Brief:
Copy out all of the lines below exactly; the pictures do not belong in the copy.

Source data:
◆ ◆ ◆

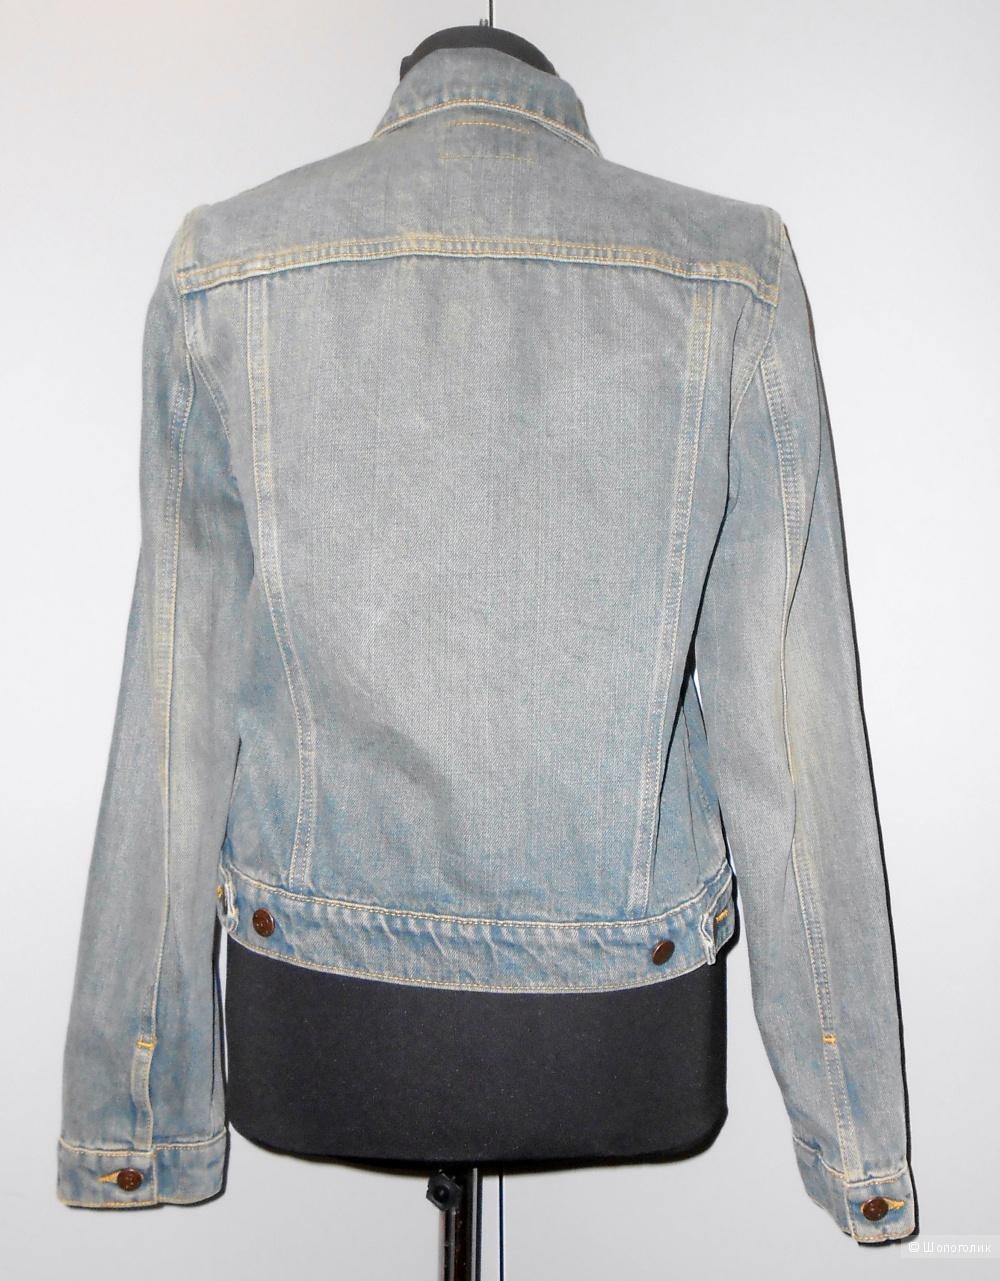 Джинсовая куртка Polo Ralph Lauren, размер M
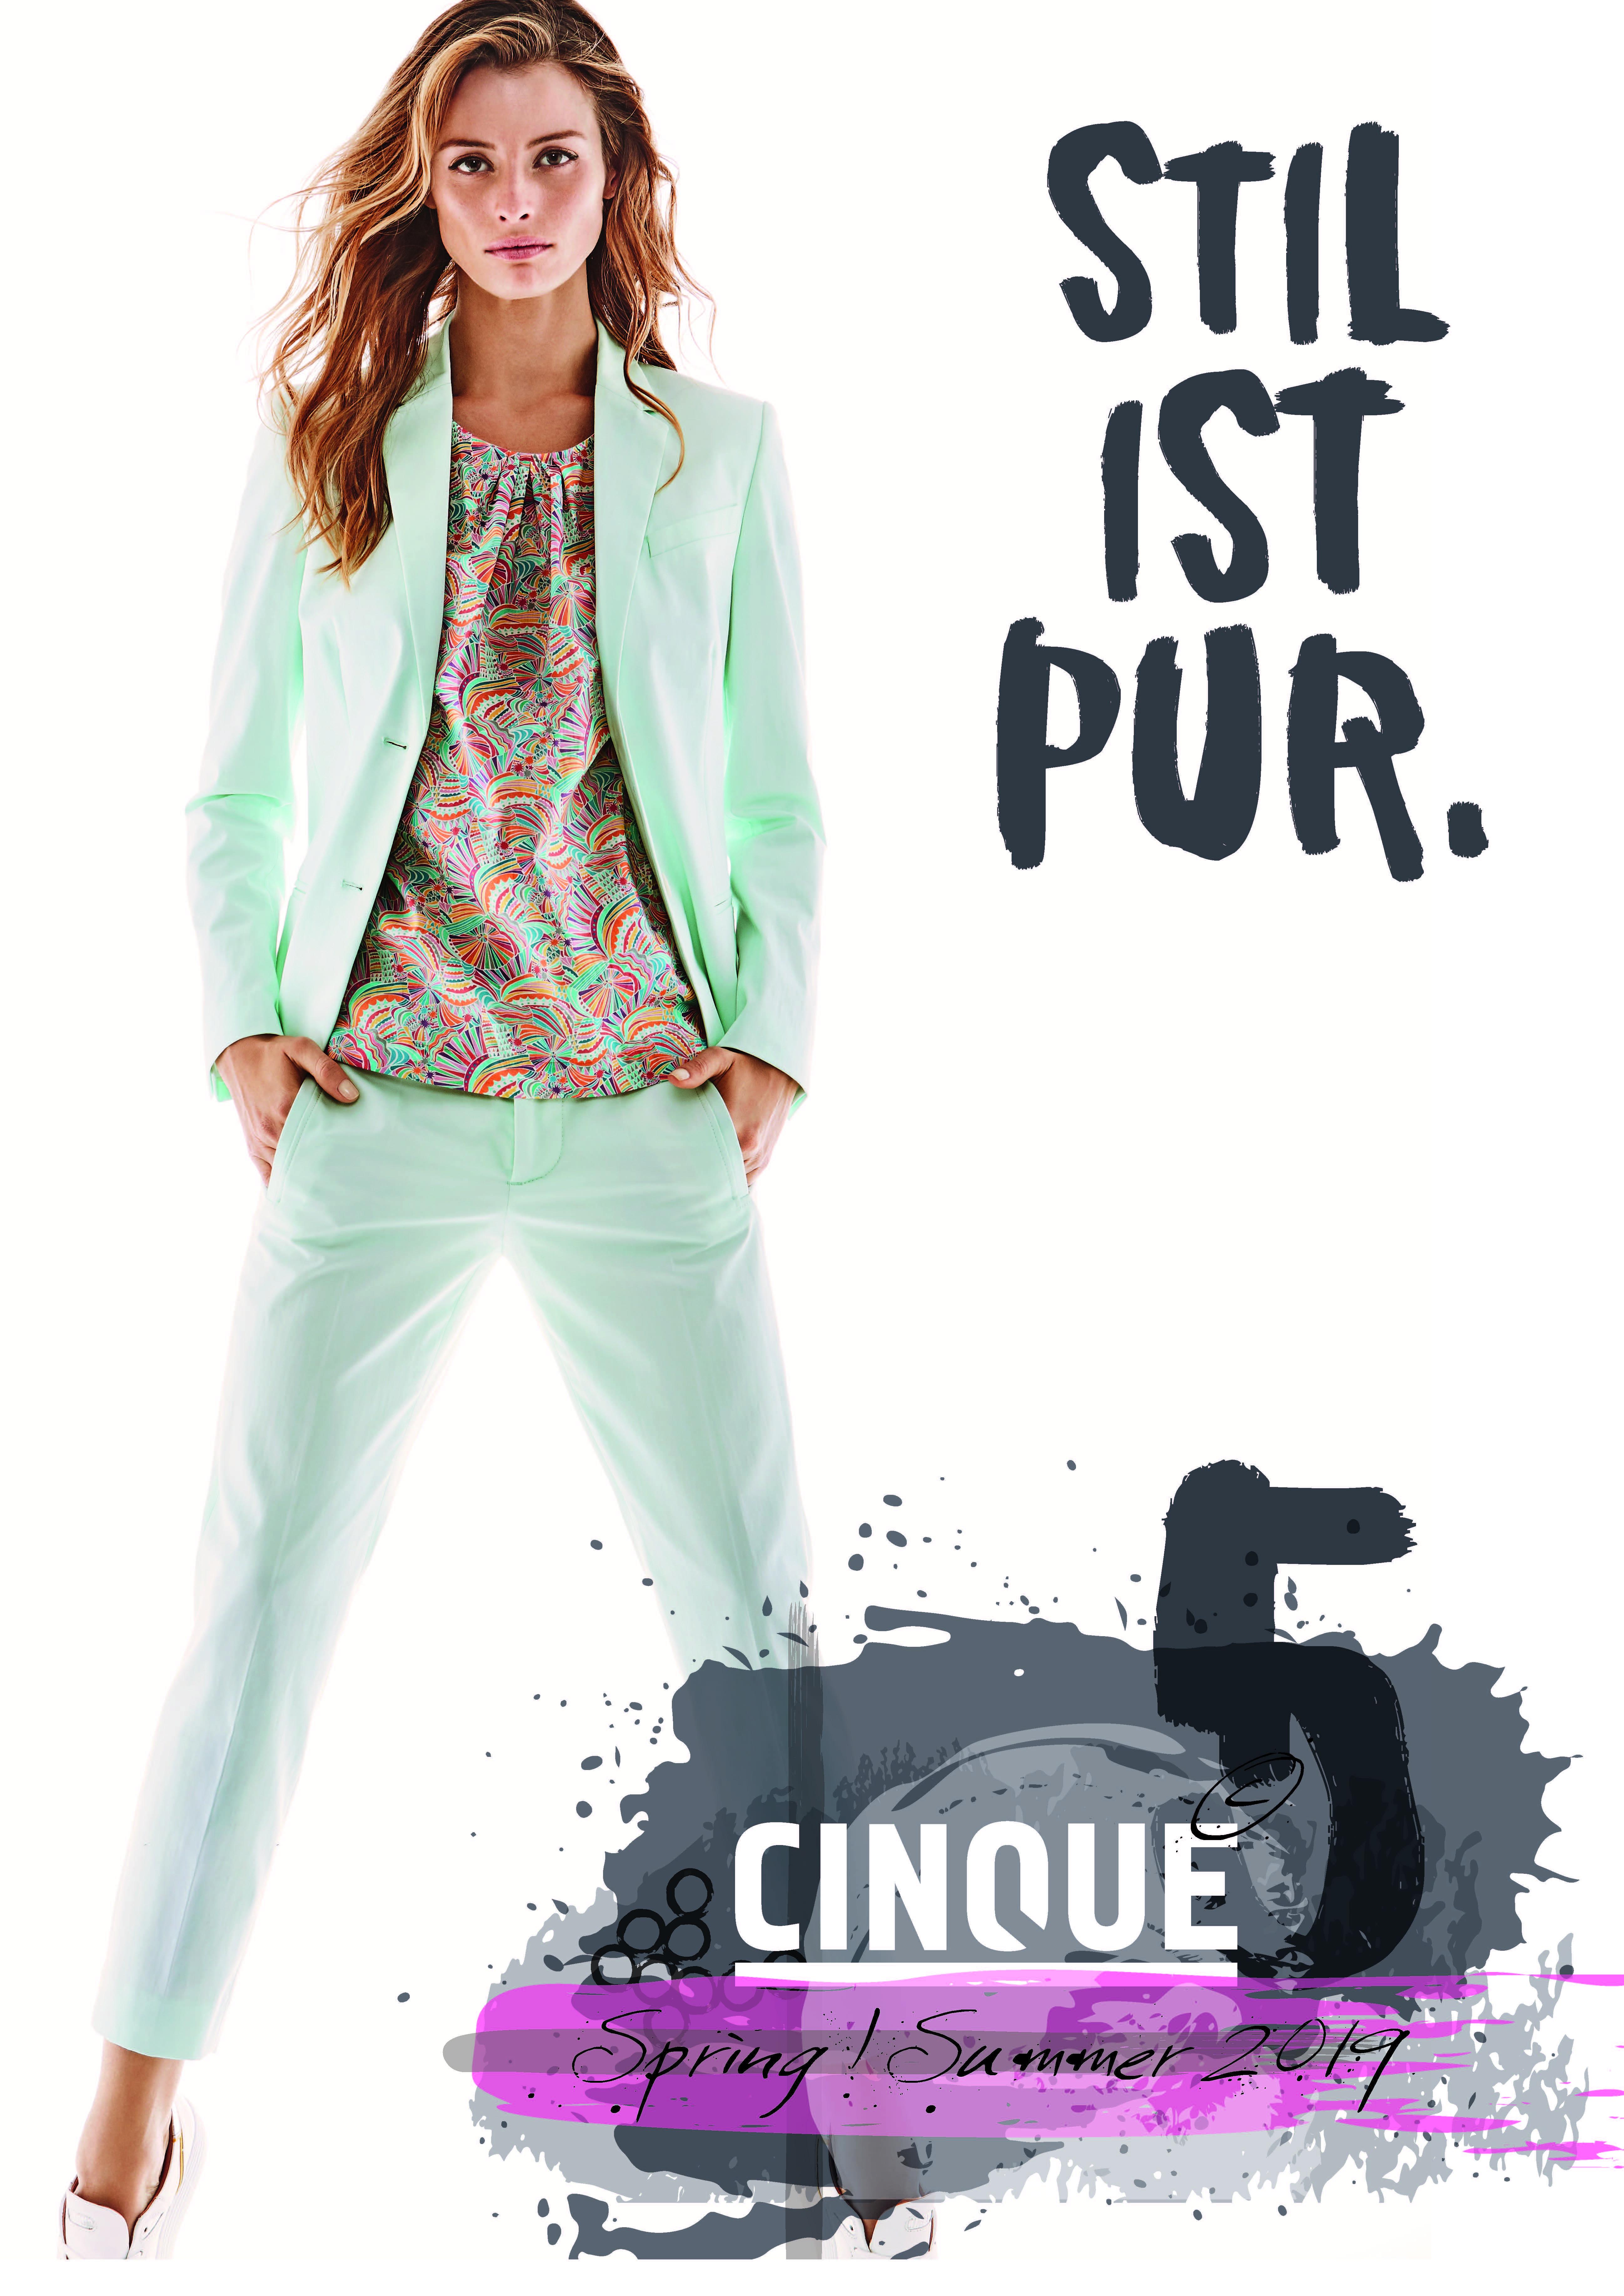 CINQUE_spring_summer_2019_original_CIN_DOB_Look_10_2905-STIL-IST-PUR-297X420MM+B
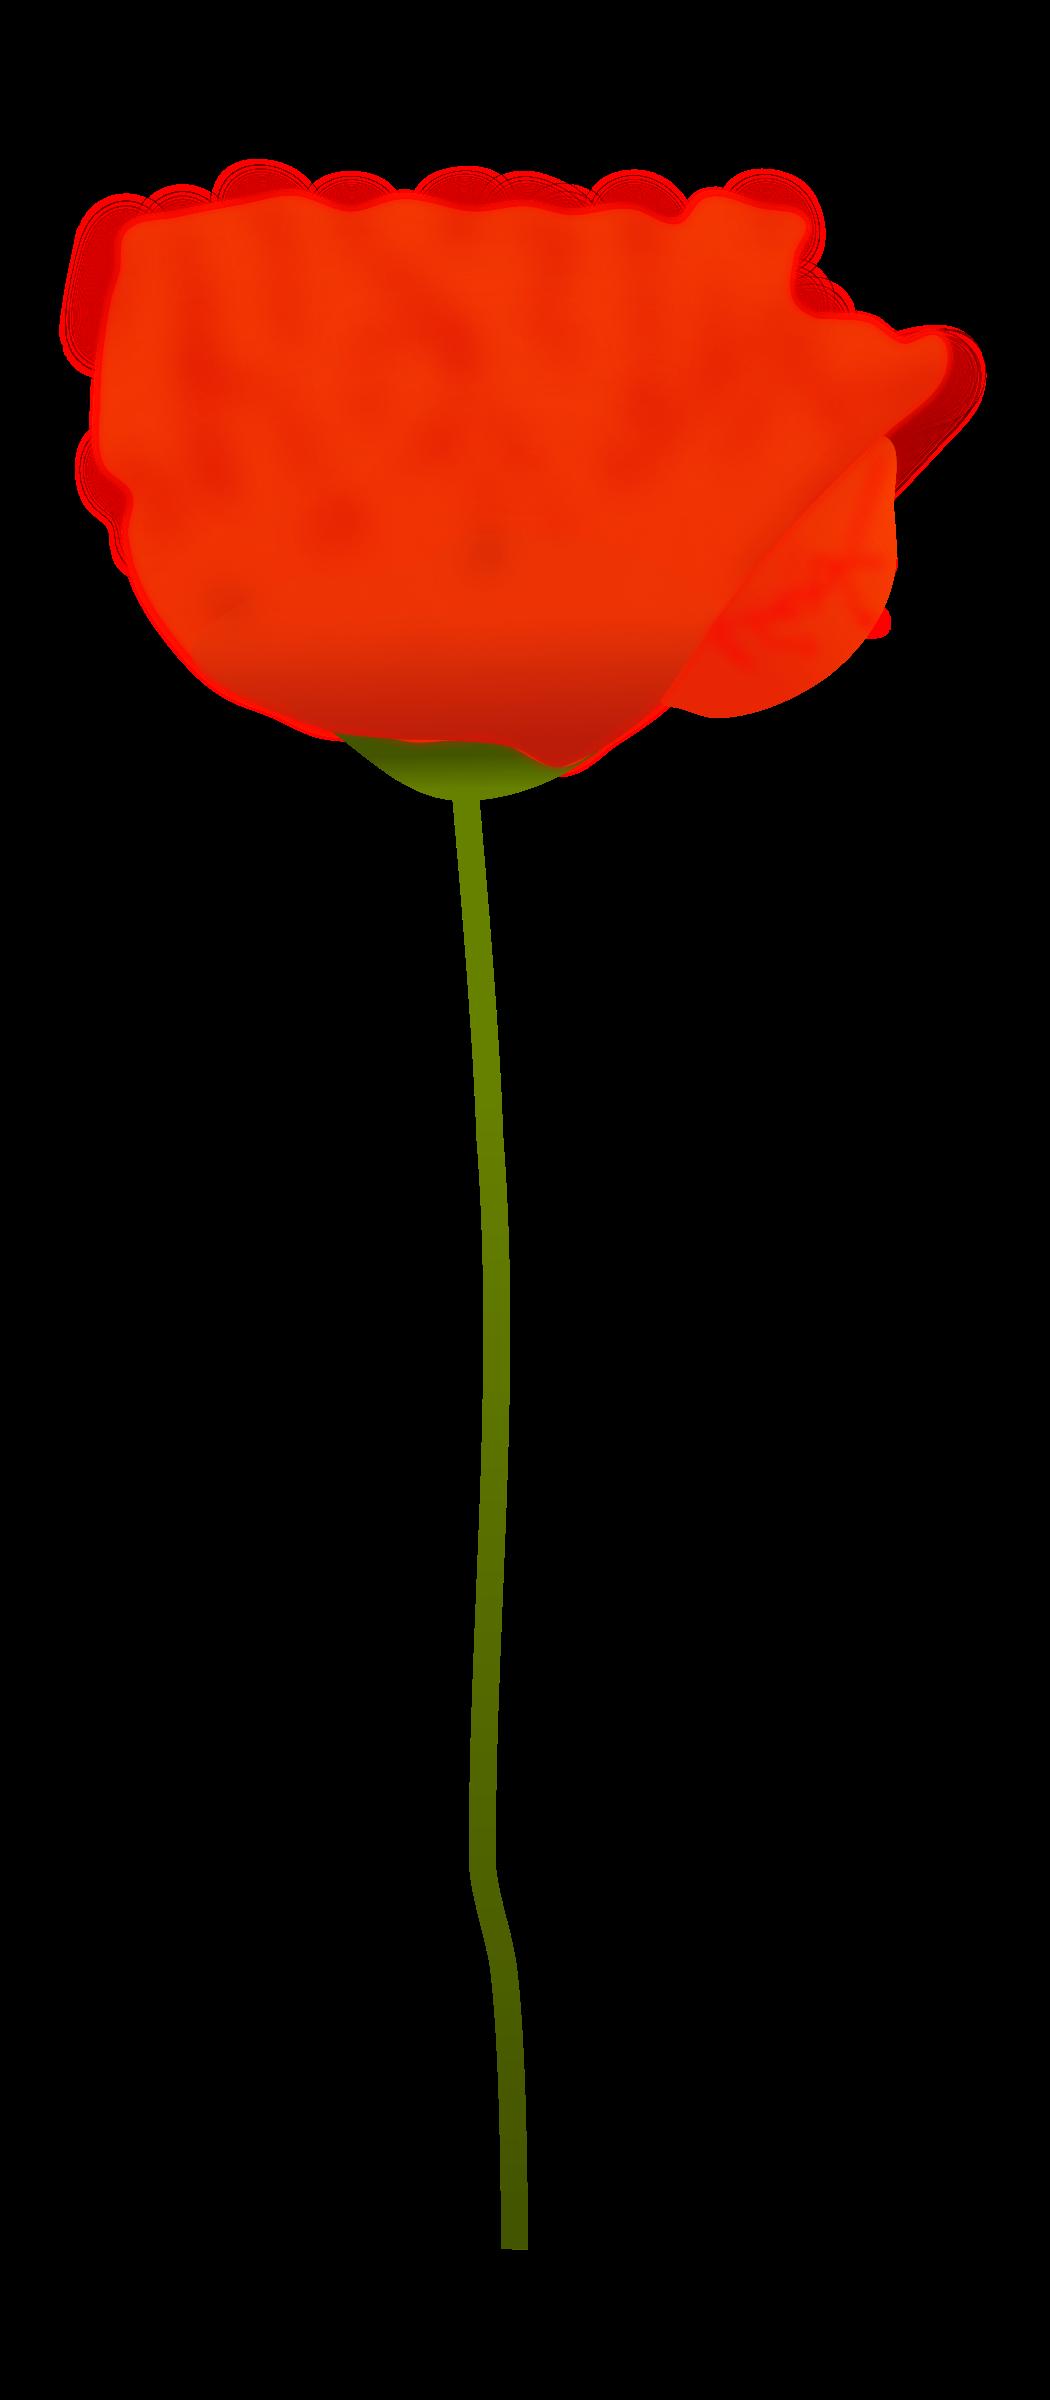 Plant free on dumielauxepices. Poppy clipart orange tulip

◆ ◆ ◆

Answer:
 Джинсовая куртка Polo Ralph Lauren, размер M
 CINQUE_spring_summer_2019_original_CIN_DOB_Look_10_2905-STIL-IST-PUR-297X420MM+B
 Plant free on dumielauxepices. Poppy clipart orange tulip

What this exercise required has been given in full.